Is that your entire program? I don’t know if it’s important to you, but it’s going to miss some updates, and it may not even save the whole sentence. The baud rate command probably doesn’t work, either. But…

Would you use 1300 bytes of program space to save 400 bytes of RAM and get reliable logging?

Do you use any of the GPS information? Maybe an altitude test? Or is it just for logging?

You could also save several thousand bytes of program space if you put the GPS on pins 0 & 1. Then, you wouldn’t need SoftwareSerial. You could still do debug prints, but you’d have to disconnect the Arduino RX wire (to GPS TX) to upload a new sketch.

Coincidentally, most of the NeoGPS examples output a CSV format of the parsed values. I import them into a spreadsheet all the time.

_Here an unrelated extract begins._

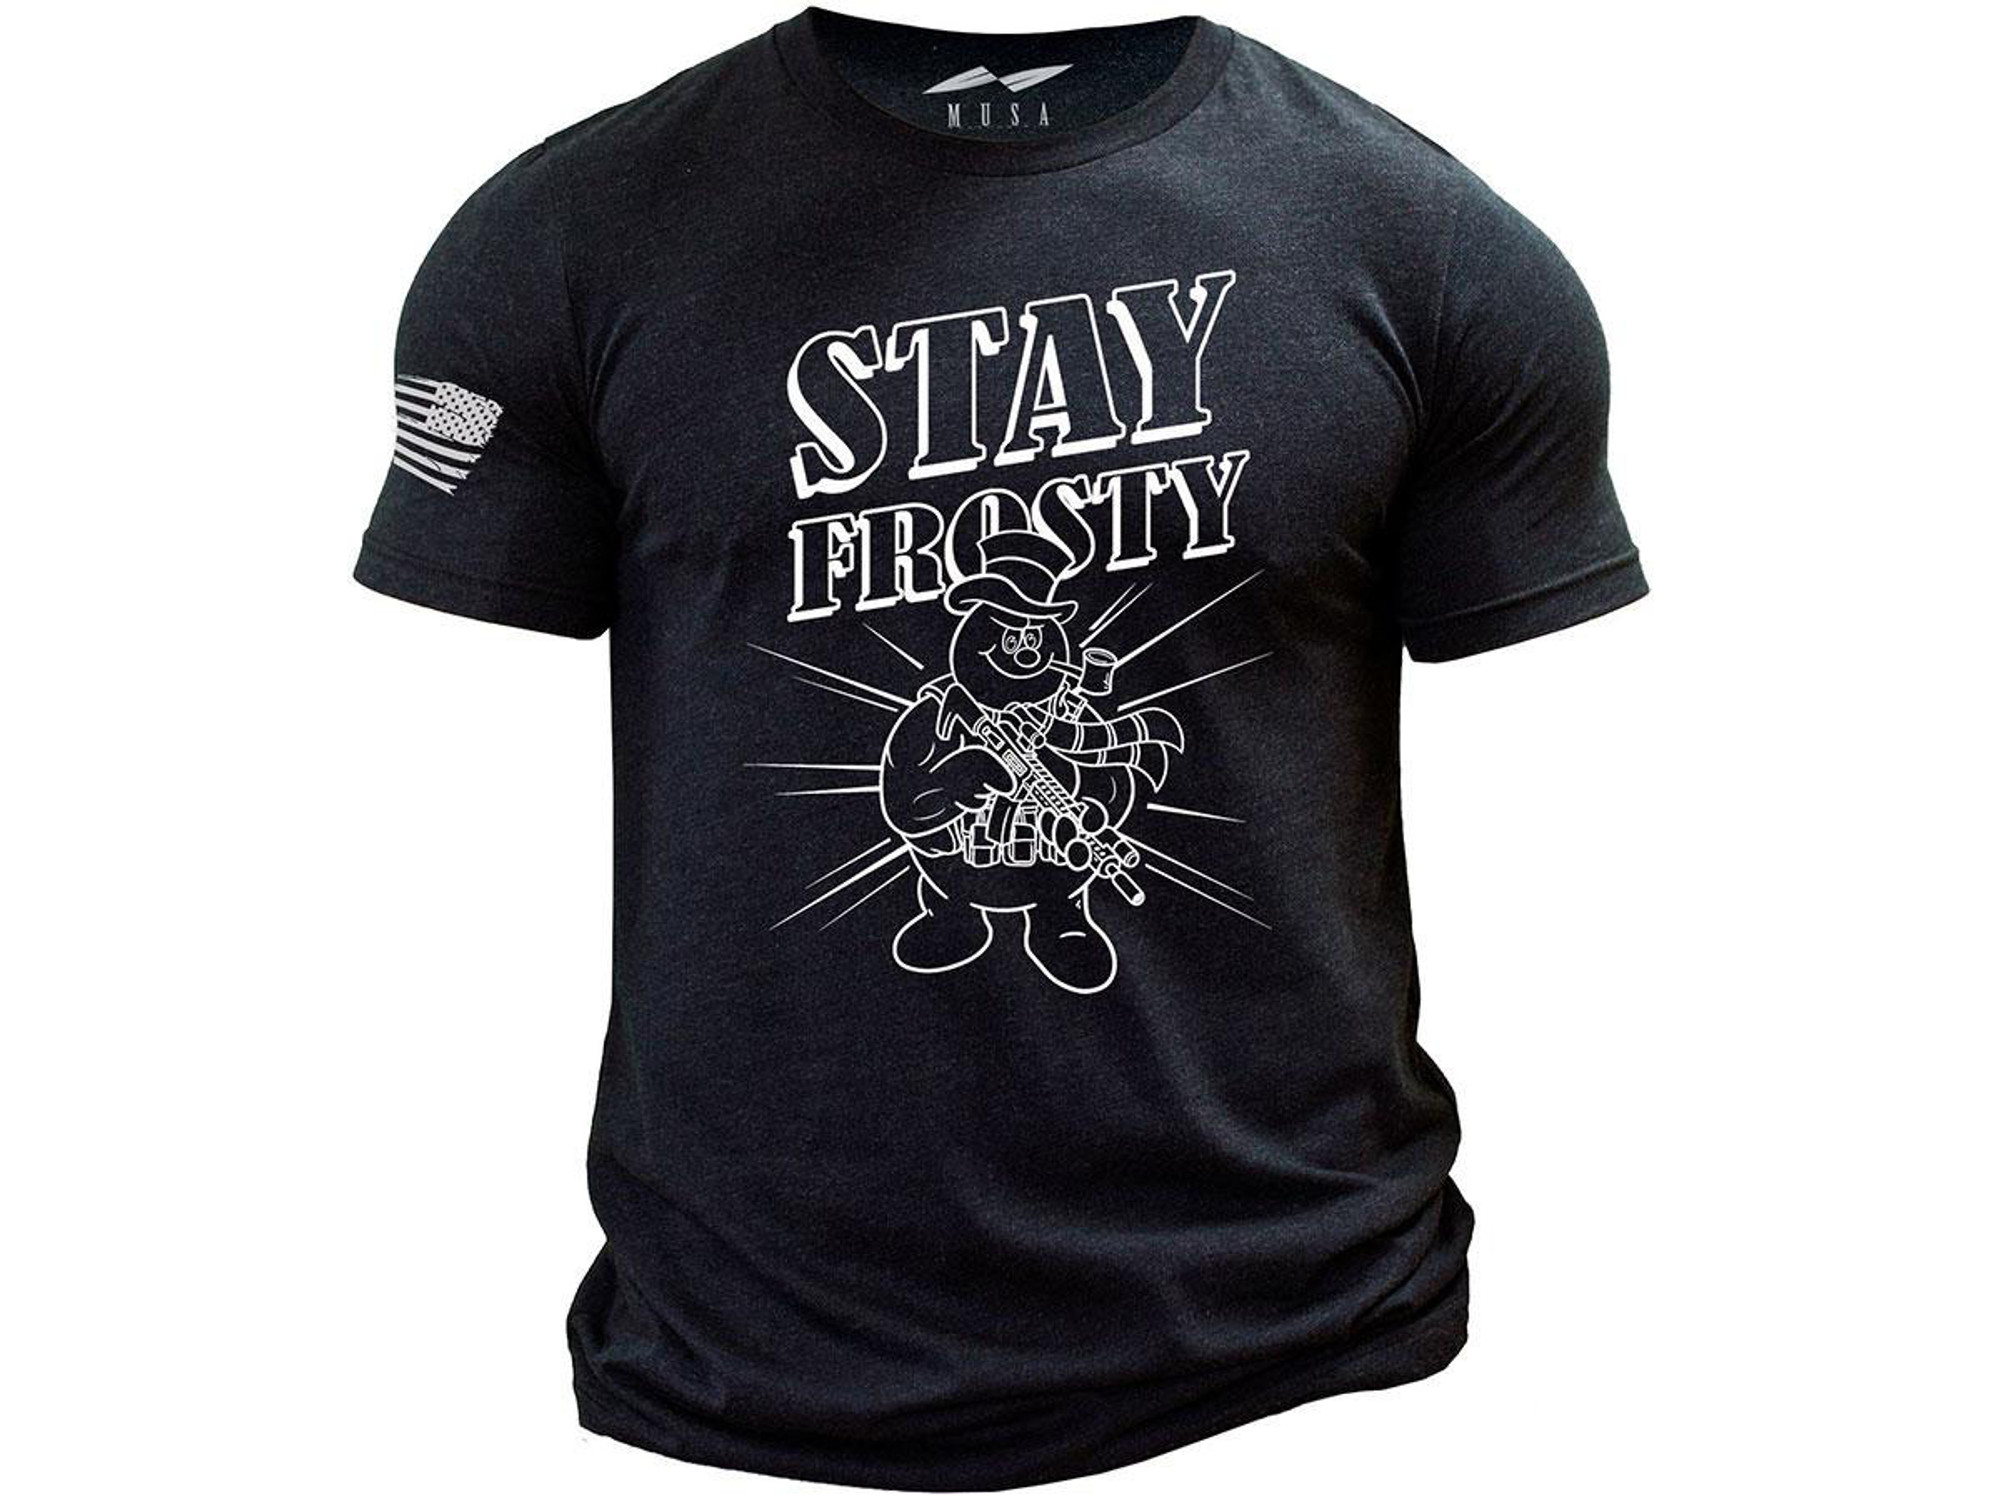 MUSA Limited Edition "Stay Frosty" Shirt (Color: Black / Medium)

2) When I print the "gpssentence" Buffer I always get some corrupted characters. It usually looks something like this:


Are you 'printing' more characters than is in the buffer perhaps ?

Are you 'printing' more characters than is in the buffer perhaps ?

In this example I do, yes. However that is intentional, as I need a "reserve" in the array because the length of the gps string is not always the same. The problem is that even If I give the buffer a starting value, say: 66 times '0' I get these corrupt characters when printing the entire buffer.

Also, that definitely is the entire message. I've tried with a 80 bit buffer too.

Seems the OP did not read my previous post. I think the message is more than the 65 characters long (the buffer size 66 -1 for the terminating zero) so is writing outside the buffer reserved for it. Any write to a variable declared following the buffer declaration could be overwriting the end of the message and so showing up as corrupt characters in the message!

Seem the OP did not read my previous post.

Or mine. -_-

that definitely is the entire message.

No, that's not the entire message, for a variety of reasons.

Why save the message if you're just printing it? That's just an echo program:

void loop()
  if (GPS.available())
    Serial.write( );

I'm sorry if I have misunderstood something, but I have already used the function -dev- posted to print the sentence:

void loop()
  if (GPS.available())
    Serial.write( );

I only got what I get using my other function. Therefore I assumed that this was the whole message? But maybe I am wrong?

The reason I am saving it is because, apart from printing it, my entire program (which is more than 500 lines long, and I therefore have not posted) also saves the sentence to an SD card and transmits it via Radio. Therefore it is handy to have it saved in a buffer.